Et, comme pour priver les Congolais de toute circonstance atténuante, la série des « crashes » est loin de s’arrêter. Tout le monde sait que les causes de ces catastrophes aériennes sont liées plus aux défaillances humaines et mécaniques qu’à celles de l’état des pistes et des instruments d’aide à la navigation aérienne.

Vivement les LAC !

Maintenant, la République Démocratique du Congo est placée dans une situation inconfortable, du fait de la difficulté d’exploiter désormais en poule les accords aériens d’Etat à Etat, faute de compagnie aérienne nationale viable et de compagnie aérienne privée de substitution.
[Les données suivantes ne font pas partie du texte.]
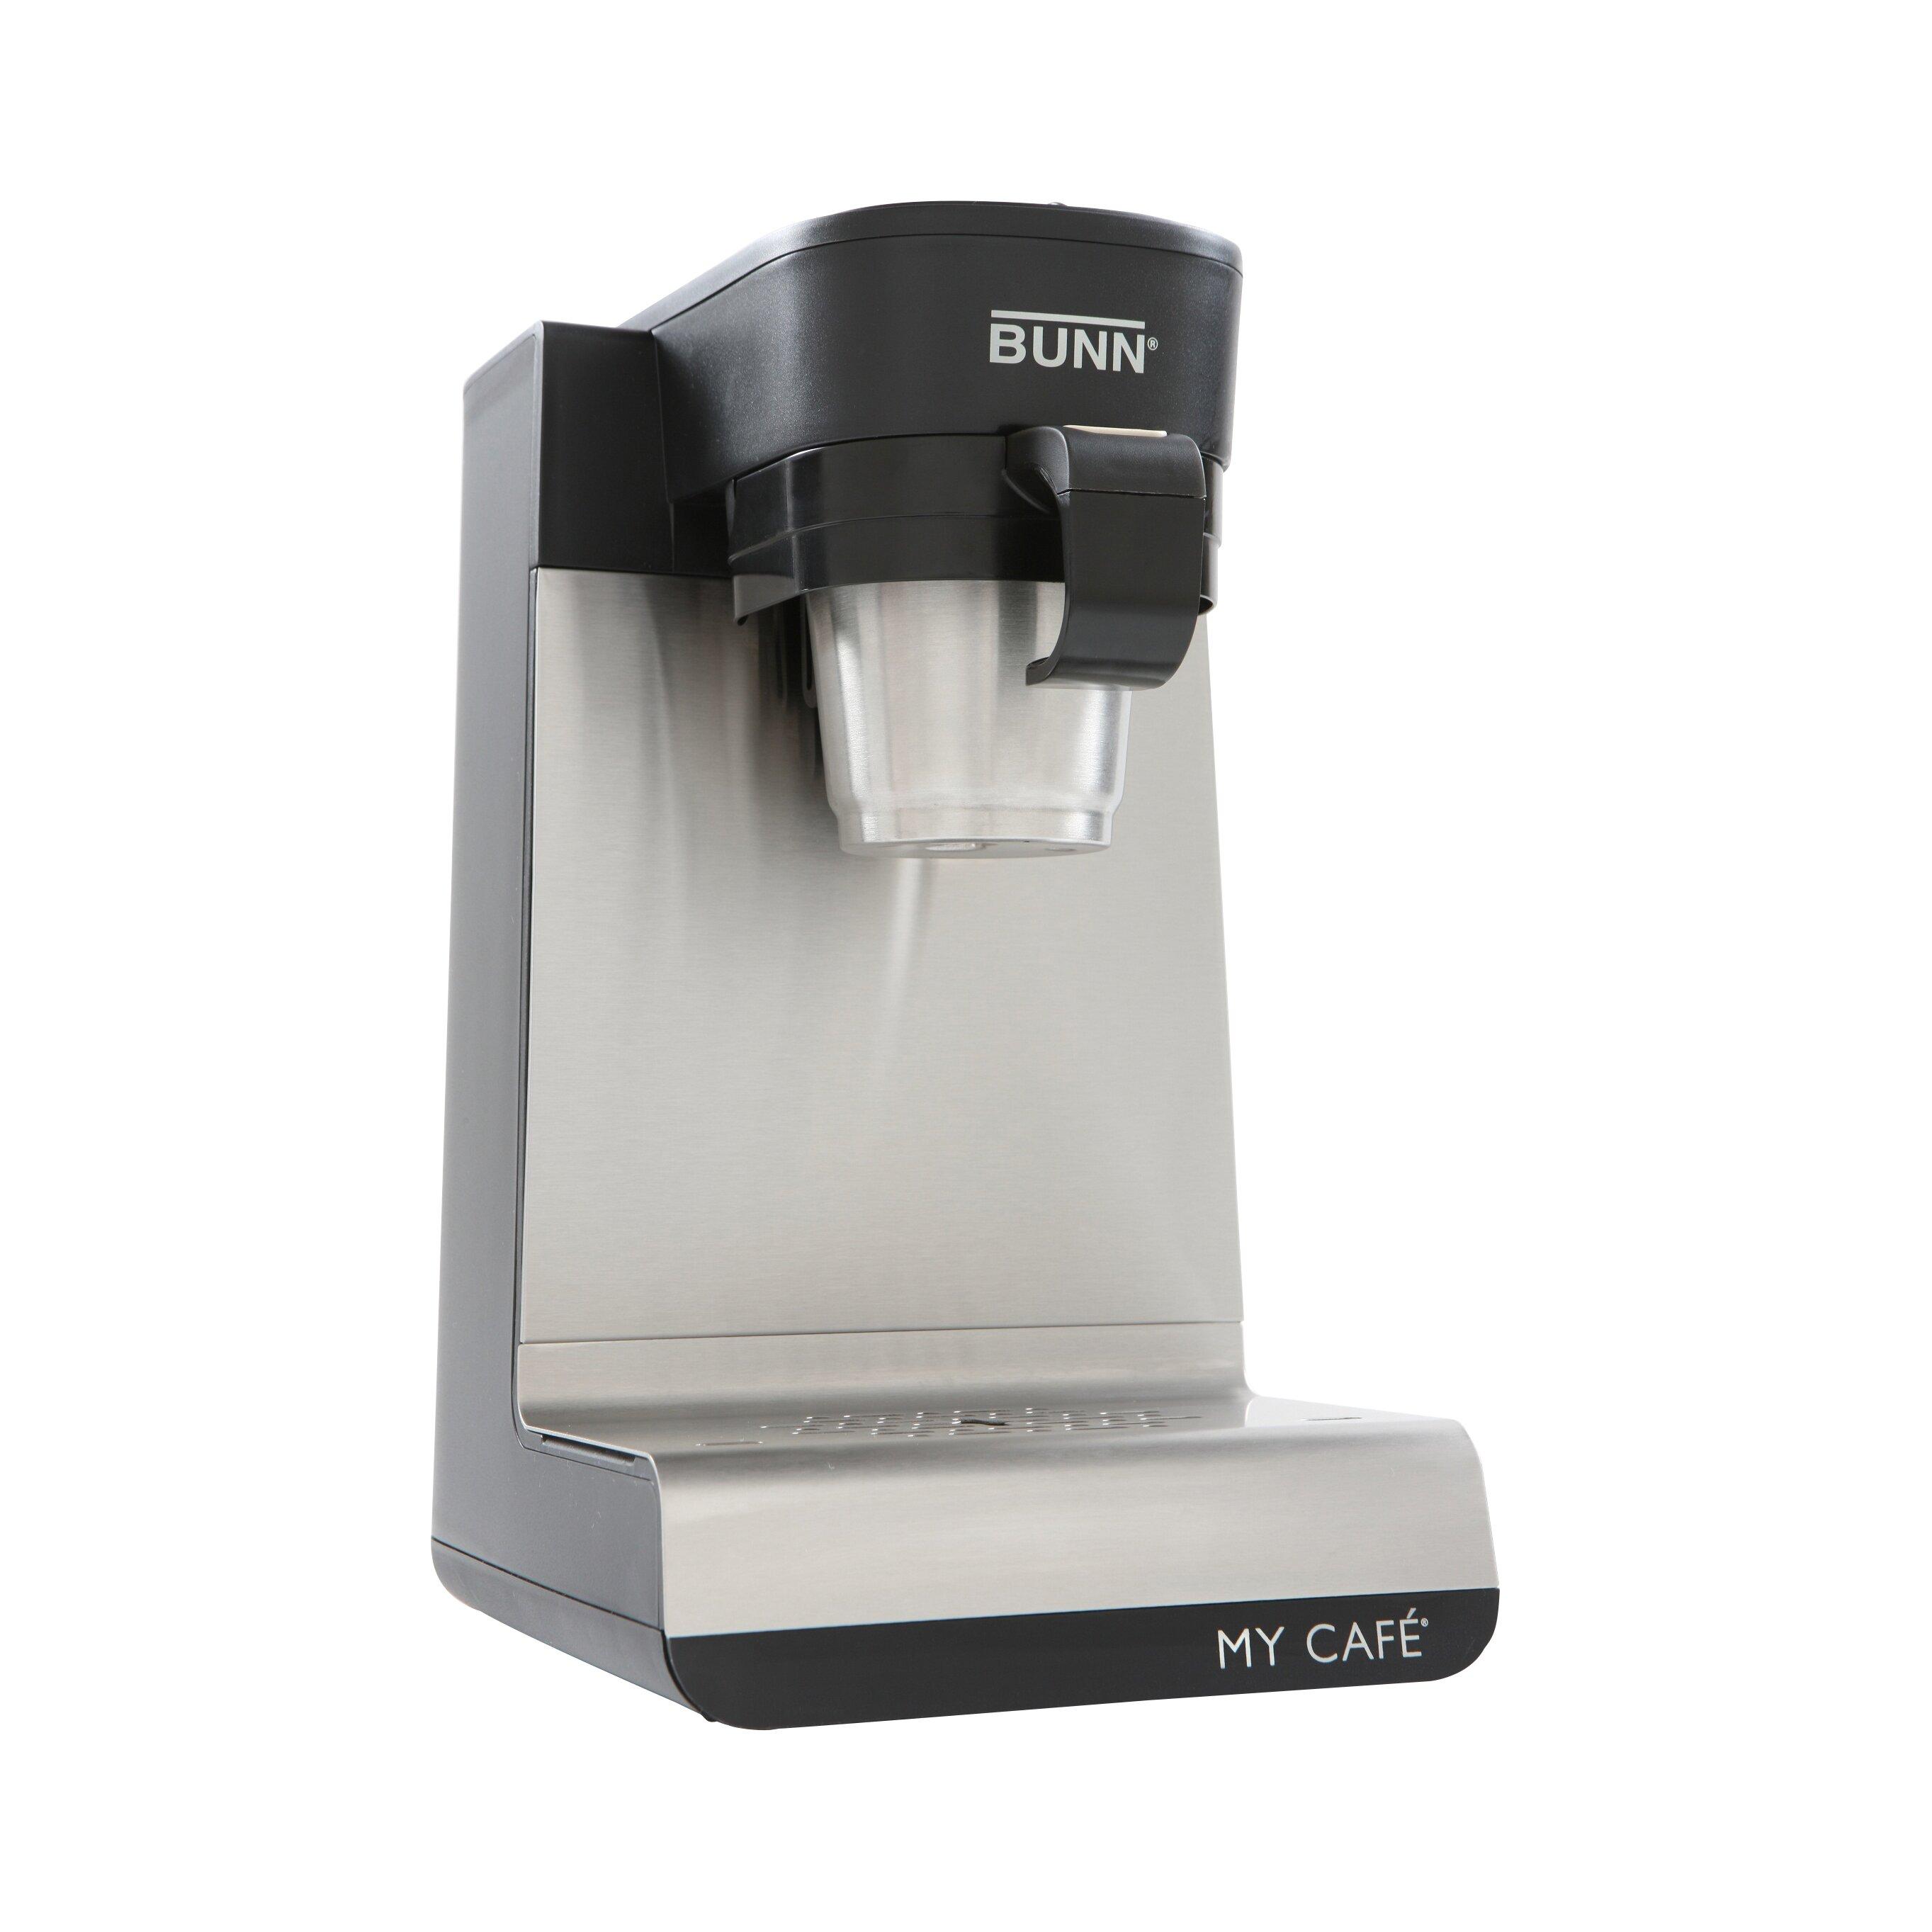 Bunn One Cup Coffee Maker Reviews : Bunn My Cafe Single Cup Multi-Use Home Coffee Maker & Reviews Wayfair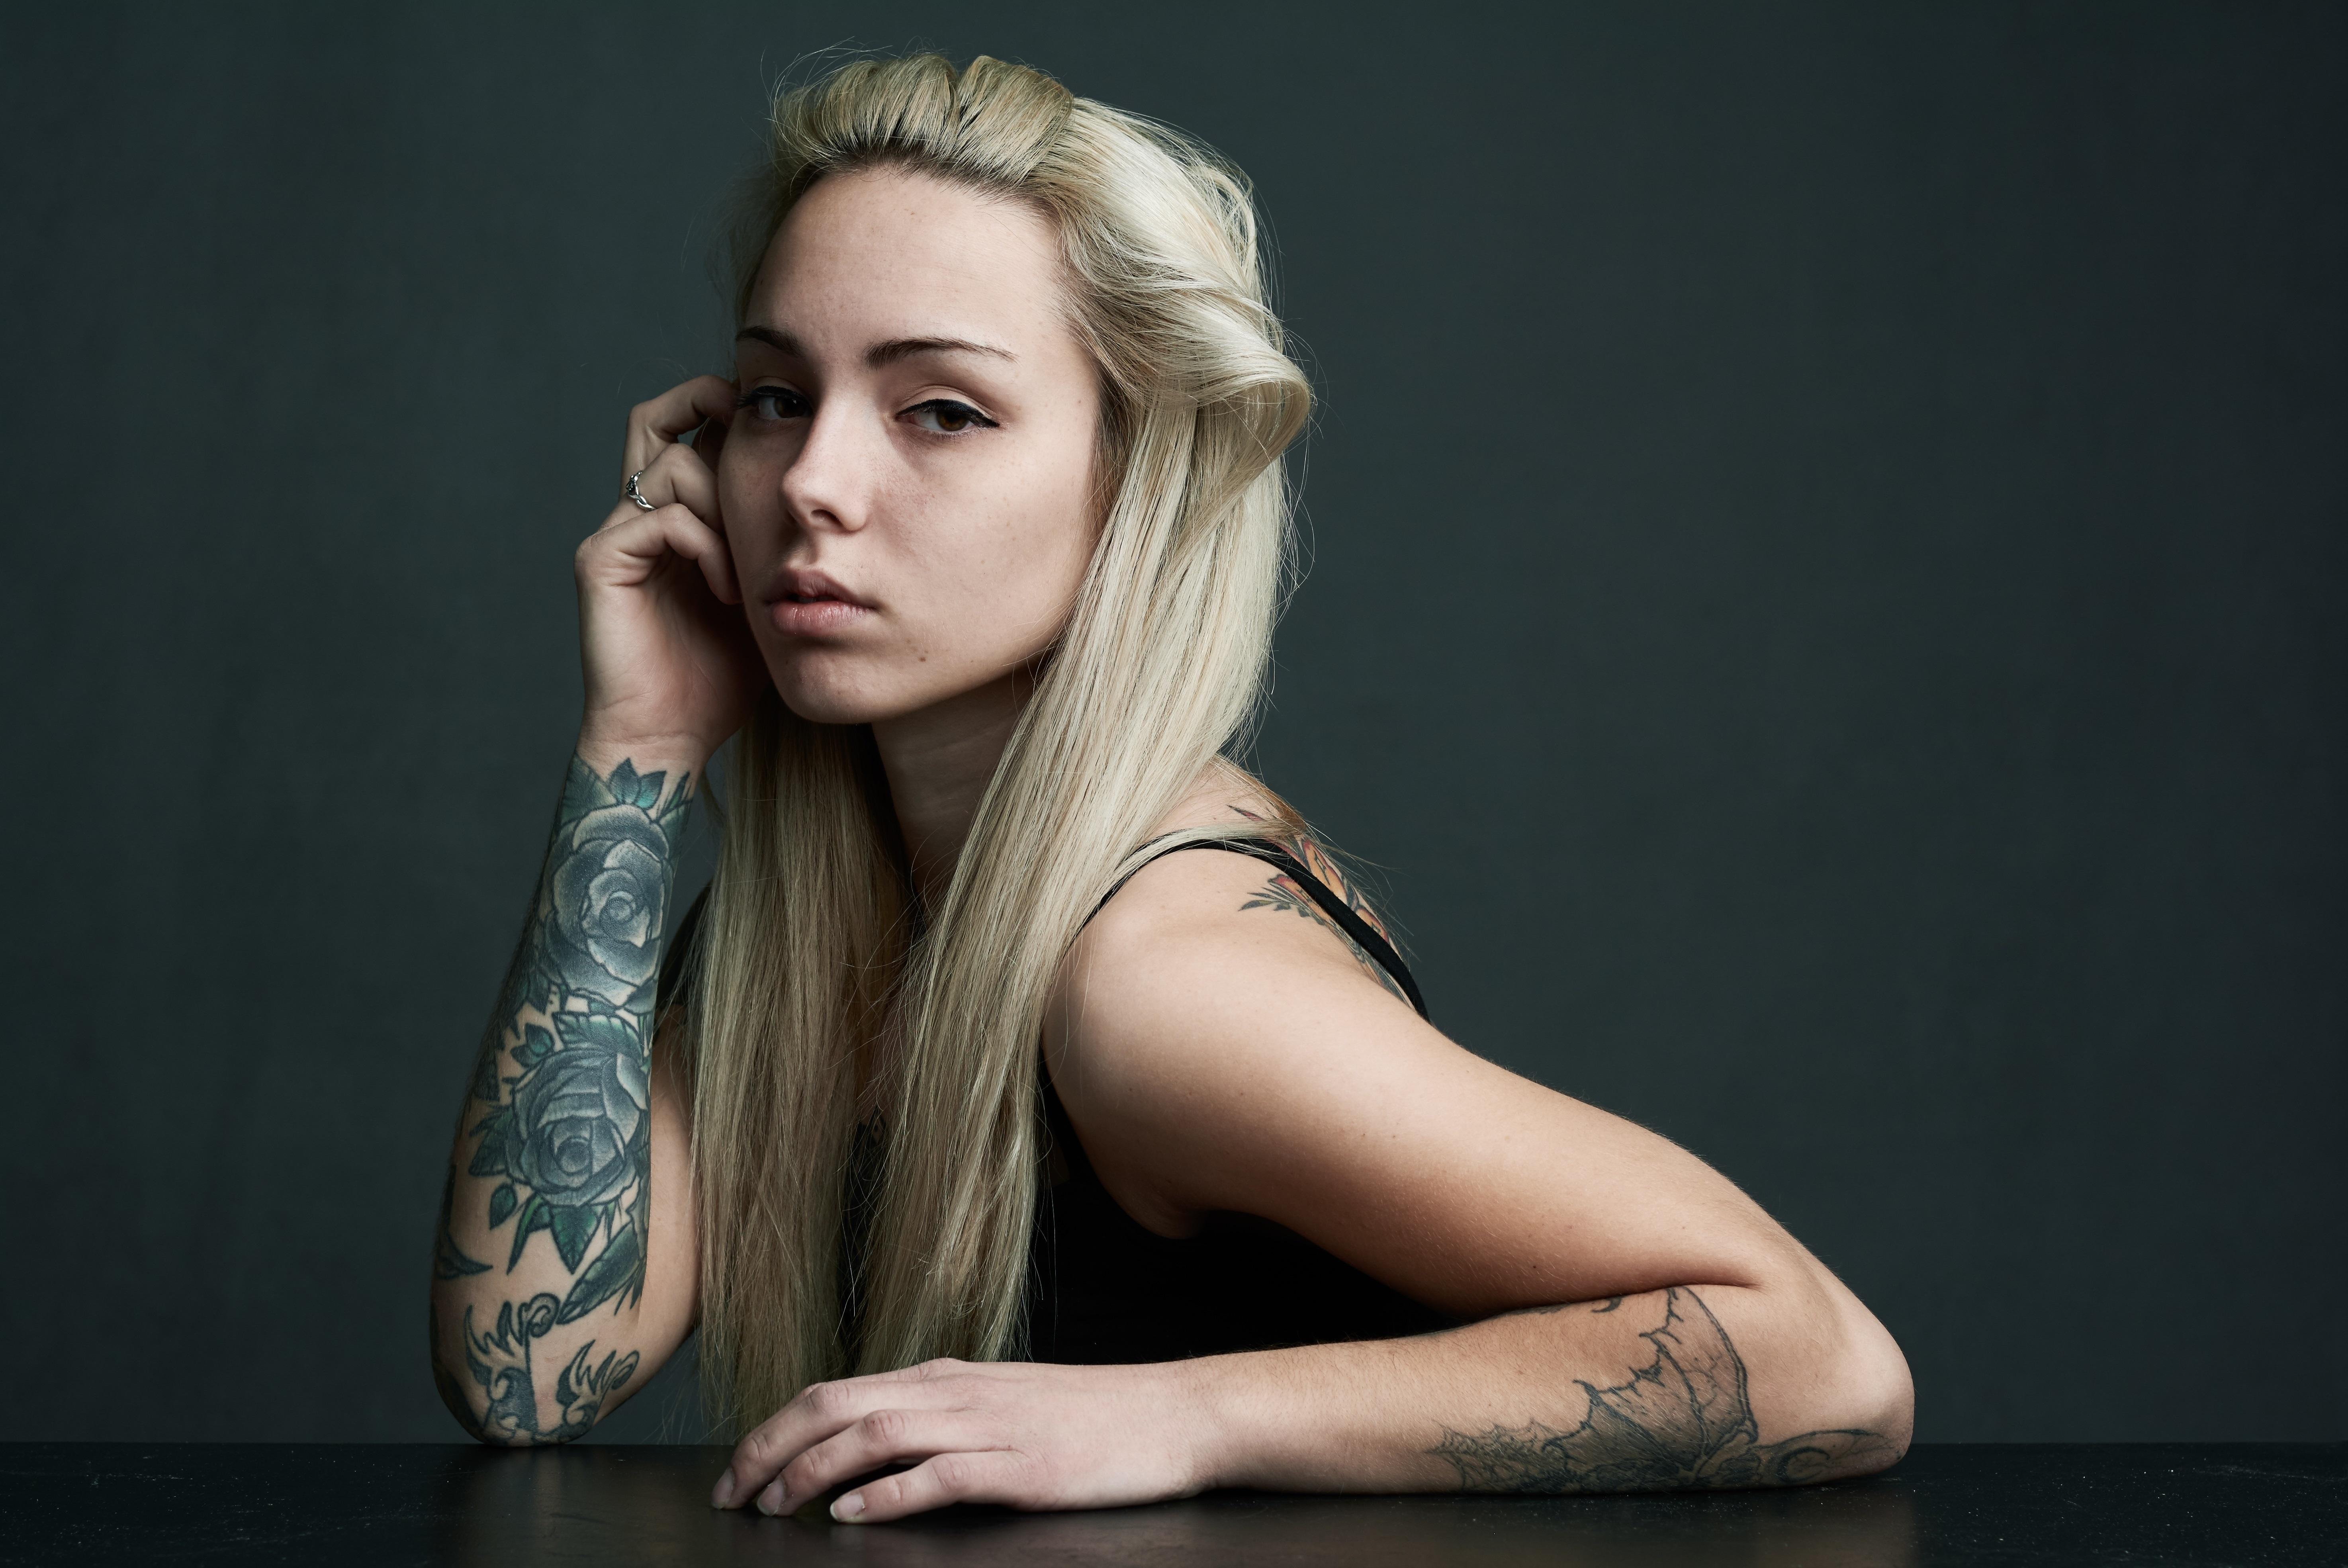 Картинки стихи, картинки с татуировками девушки

Elle se trouve devant une alternative : soit doter les Lignes Aériennes Congolaises d’une flotte digne de ce nom, soit céder totalement ses parts de marché aux compagnies aériennes nationales d’autres  pays, telles que Brussels Airlines, Air France, Kenya Airways, Ethiopian Airlines, TAP, TAAG, RAM, SAA, etc.

C’est le moment ou jamais, de mobiliser les fonds indispensables à la relance de la compagnie aérienne nationale, dont les annales indiquent zéro crash depuis sa création en 1961. Au plan de la sécurité et du confort des vols, les Lignes Aériennes Congolaises alignent un palmarès élogieux. L’expertise humaine, au sol comme en vol, ne demande qu’à être mise à contribution.

Le plan de redressement des LAC, adopté en son temps à l’Assemblée Nationale, au terme d’une commission d’enquête conduite par le député Charles Bofassa Djema, mérite d’être exhumé en vue de sa mise en exécution. La compagnie nationale, sanctionnée dans le tas alors qu’elle n’exploite plus l’axe Kinshasa-Europe depuis 1999, après la rupture de son contrat avec City Bird, peut négocier la révision de son cas auprès de l’Union Européenne. Et, les autorités nationales devraient l’aider à négocier en position de force, notamment avec une flotte de nature à soutenir immédiatement la concurrence sur les lignes éligibles aux accords aériens d’Etat à Etat. Sans la résurrection des Lac, la RDC va être intégralement « colonisée » par les compagnies aériennes étrangères, dont certaines envisagent déjà la création des filiales appelées à s’engouffrer dans le réseau domestique congolais. D’autres ont pris le raccourci en couplant leurs lignes internationales avec des escales dans certaines provinces de notre pays, cas de Kenya Airways.